From the point of view of AI, identifying scenarios makes it much easier to learn the patterns and regularities that any AI solution needs to work effectively.

 

  • Accordingly, our first step is to define an initial DT-Transformation strategy scope, expected value and required governance. ​

  • Define the scenarios within the scope. 

  • For each scenario in scope, identify the events to be managed by the digital twins. (See the Shipment Digital Twin or the Human-Machine Teaming use cases as examples for scenario designs)

  • Define the parameters/data relevant to each event, their sources and access/transformation requirements. 

The DT-Transformation strategy provides structured insights necessary for effective decisions-making regarding transformation feasibility, expected value, involved effort and project structure.

Defining and scoping the "right" scenarios and events to digitize and automate remains an art we have mastered over many years of expertise in architecting and integrating complex enterprise and business intelligence solutions

Scenario & Information Heat Map Design

Duration, 4-6 Weeks**, Deliverables, Scenario information architecture, Information Heat Map (IHM)

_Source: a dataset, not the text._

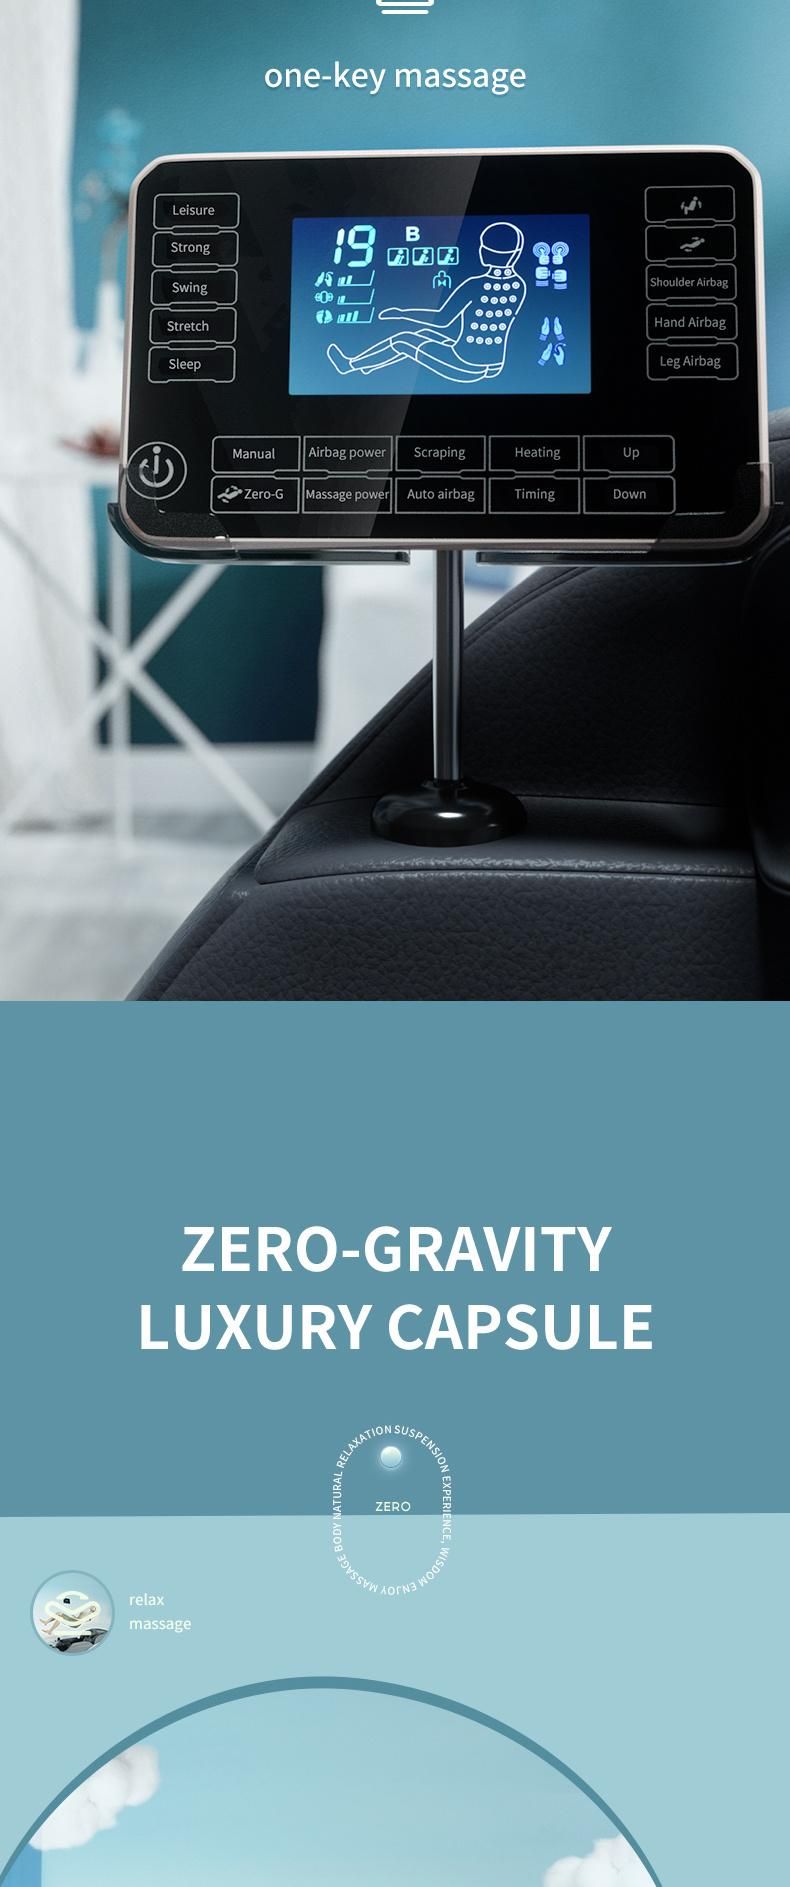 Jare Rh7600 Luxury Home Special Modern Reclining Foot Massager Zero Gravity Massage Chair
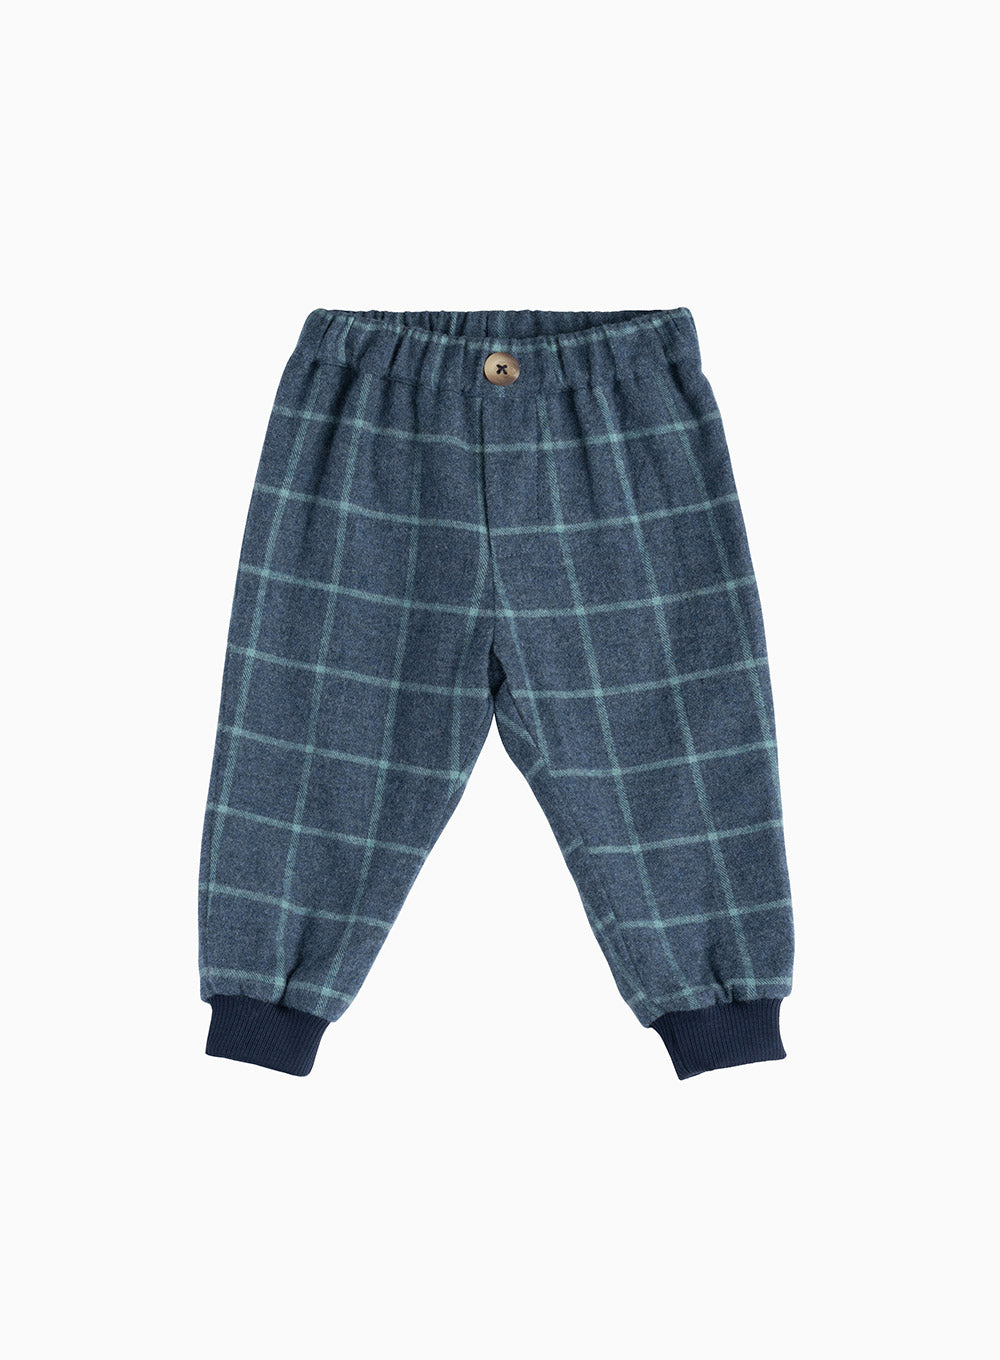 Buy GINI & JONY Navy Boys 5 Pocket Check Pants | Shoppers Stop

Reference Events Model (REM)

After defining a scenario or a use case to be enabled and automated by digital twins, and once the events in scope have been identified, the next step is to develop a Information Heat Map (IHM), which captures and represents the scenario parameters (Supply Chain Example). Depending on the number of events in a scenario and the related parameters, the IHM can be defined in a table-based environment (Excel, Sheets, or a small database).

 

However, IHMs representing multiple scenarios are defined in a business intelligence environment (BI) as multidimensional information cubes. 

REM.bmp

Once the parameters' historical data is uploaded according to the IHM data structure, the Semantic Algorithm calculates the significance of each parameter in predicting the scenario desired outcomes or events. 

 
 

Scenario Optimization

Duration, 4-6 Months**, Deliverables, Deployed scenarios in the Social AI Platform with necessary Information Digital Twins

Big Data Blue.png

As illustrated in the detailed use cases, scenario events (e.g., specific illness risk, child abuse, shipment delay, or human casualty events) result from the interactions of hundreds of parameters over an extended time period.

 

The learning and optimization phase is thus focused on learning the patterns of interaction between the numerous parameters that affect an event and rely on them to enhance the event prediction and optimize the scenario performance by manipulating the identified patterns. This step relies heavily on machine learning to derive knowledge from the IHM, the numerous IDTs and their overall interactions with the platform.

Scenario Automation

Duration, 12-18 Months**, Deliverables, Automated social AI scenarios

Decision automation

After identifying and optimizing the many interaction patterns underlying the various events, the final step in maturing the Social AI Platform is to automate some of the decisions required to improve a scenario's outcome, or minimize risk events occurrences.

 

The logic for decision automation is implemented across the various IDTs. Once an IDT identifies an event of interest and based on the IDT's user-specific interaction patterns, the IDT provides a recommendation or initiates an action to raise or decrease the likelihood of that event according to the user's preferences and the scenario's objective.

** All estimations are subject to change based on the scope of the use case or scenario, the availability and quality of data, and the degree of digitization of the environment.